AIM OF THE TASK: For the entries below, the expected answer is the line with "Using a FIFO", the line with "Dennis Rodman Signed", and every line between them, exactly as written, and nothing more.

SUPPLIED RECORDS:
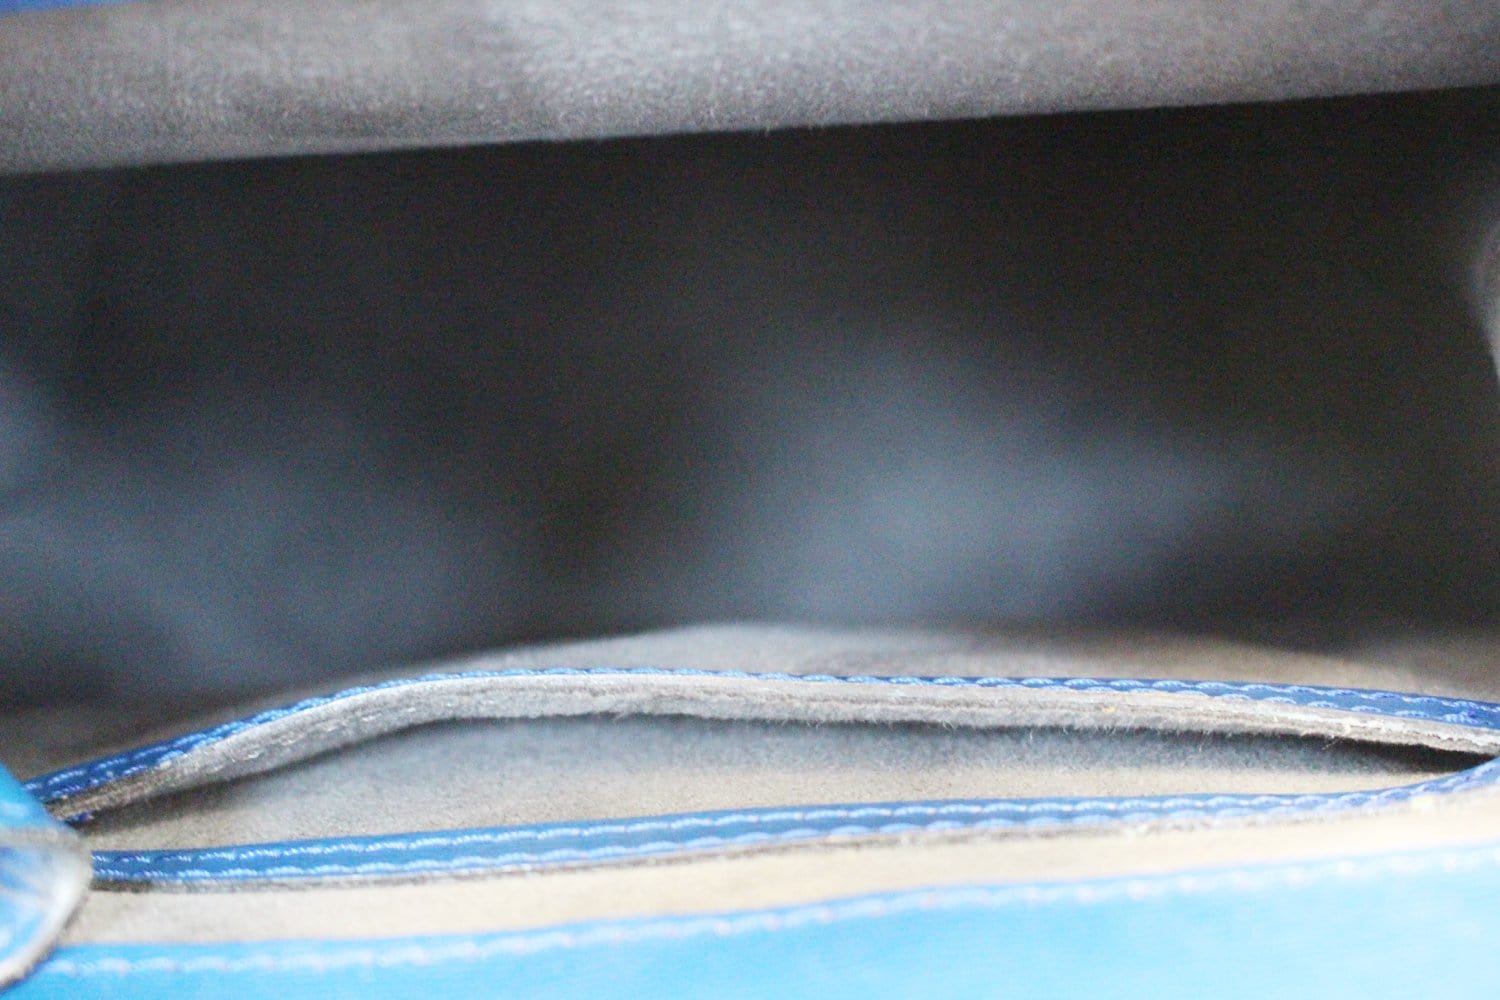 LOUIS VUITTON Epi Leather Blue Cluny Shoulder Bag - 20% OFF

* * *

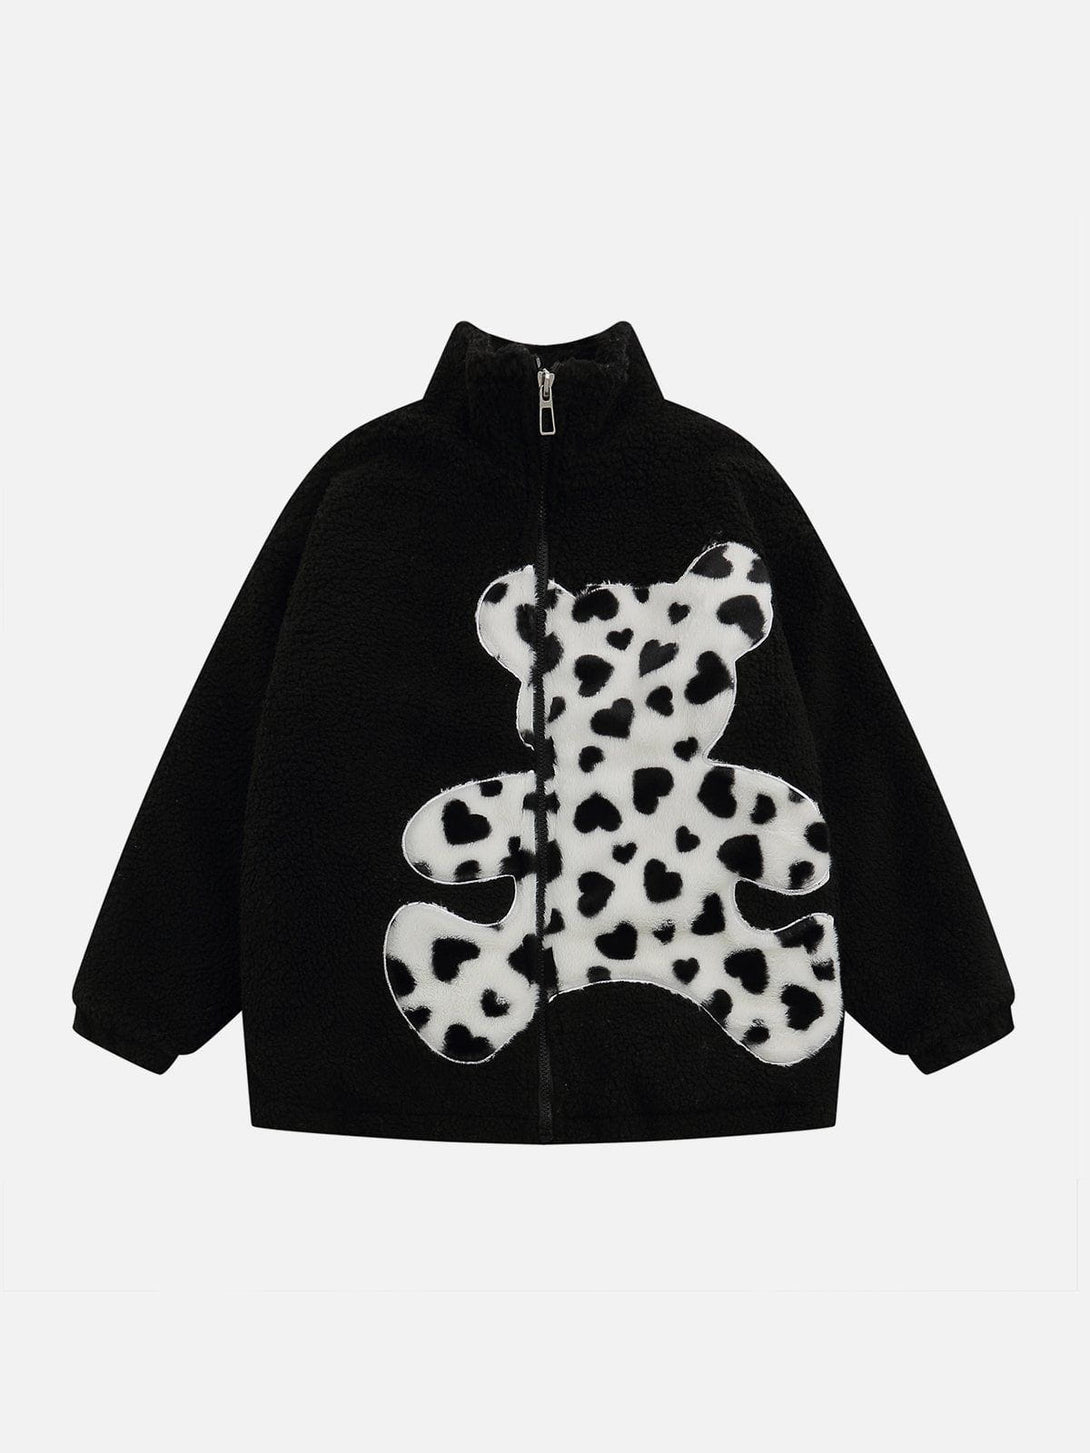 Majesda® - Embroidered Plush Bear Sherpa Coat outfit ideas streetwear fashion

* * *

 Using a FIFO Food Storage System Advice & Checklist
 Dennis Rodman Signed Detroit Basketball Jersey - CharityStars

TASK OUTPUT:
 Using a FIFO Food Storage System Advice & Checklist
 Dennis Rodman Signed Detroit Basketball Jersey - CharityStars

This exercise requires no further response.